Forwarding produces a duplicate of the log; it does not replace the need to retain the originals. Never truncate or delete a segment until the SIEM has confirmed ingest and the segment's chain has been verified.
Alert triggers
The following conditions warrant paging an on-call operator. All of them surface either in process logs, the audit log, or both.
| Trigger | Source | Severity | Action |
|---|---|---|---|
| Power-on self-test failure at startup | Process log (error) | Page | All operations return CKR_GENERAL_ERROR; daemon is unusable. See ./troubleshooting. |
| DRBG health-test failure | Process log (error) | Page | Key generation cannot proceed; treat as potential key-quality compromise. |
| Audit-log chain break | SIEM verifier | Page | Potential tampering. Preserve forensic copies before any remediation. |
Repeated CKR_PIN_INCORRECT from the same session | Audit log | Ticket | At threshold, CKR_PIN_LOCKED follows. |
CKR_PIN_LOCKED event | Audit log | Ticket | SO intervention required. |
| Audit-log open failure | Process log (error) | Page | The daemon runs without audit; depending on policy this may require immediate shutdown. |
| AES-GCM nonce counter > 75% | Process log (warn) | Ticket | Schedule key rotation. |
| AES-GCM nonce counter > 95% | Process log (warn) | Page | Rotate immediately. |
mlock / VirtualLock failure at startup | Process log (warn) | Ticket | Key material may be paged to swap; fix capabilities. |
| TLS certificate expiring in < 14 days | External monitoring | Ticket | Rotate per ./runbook. |
| TLS certificate expired | Process log on restart | Page | Clients cannot connect. |
Metrics
The core daemon does not expose a Prometheus endpoint. Operators typically derive the following metrics from audit-log tailing:
- Operation rate by
operationandresult. - Failed-login rate per session.
- Key-generation rate, broken down by mechanism.
- Error-code histogram (count by
CK_RVsymbol).
A minimal Prometheus exporter can be implemented as a sidecar that tails the JSON Lines log and increments counters. For deployments that need native metrics, see the enterprise observability add-on referenced in ../enterprise/certified.

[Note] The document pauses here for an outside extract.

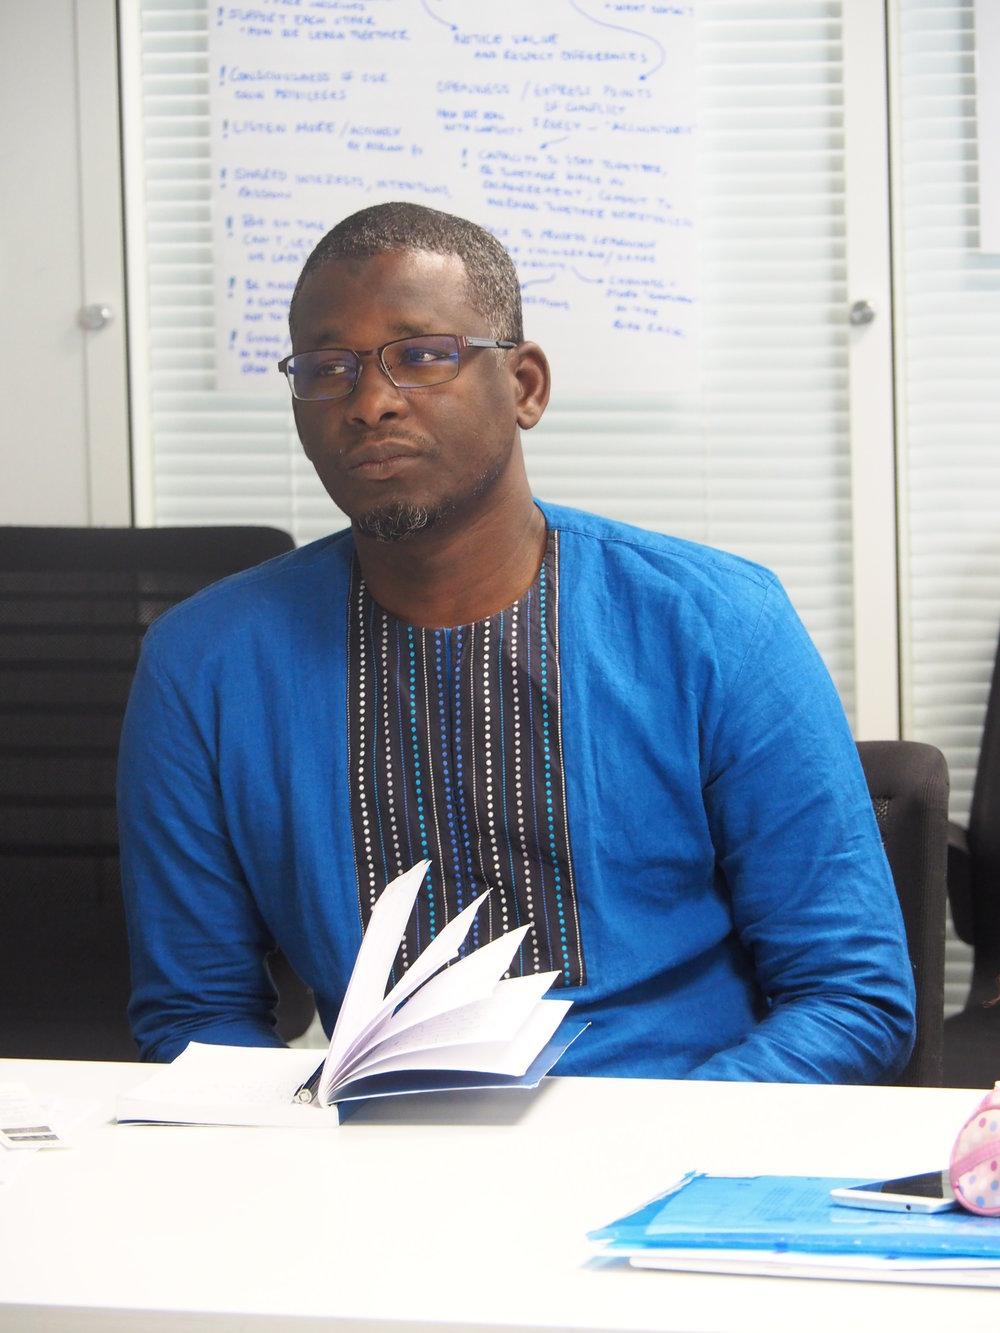 Elimane Kane - 2018-19 Atlantic Fellow for Social and Economic Equity

Correlating audit and process logs
The audit log carries session_handle but not the originating client identity; process logs carry client TLS identity (when mTLS is configured) but not session handle. To correlate a failed sign to a specific client:
- Find the failing audit entry; note its
session_handleandtimestamp. - Find the process-log line at the same timestamp for
C_OpenSessionon that handle. - The
C_OpenSessionline carries the TLS peer identity.
Joining the two streams in the SIEM at ingest time simplifies this — add the TLS peer identity as a derived field on every audit line for the duration of each session.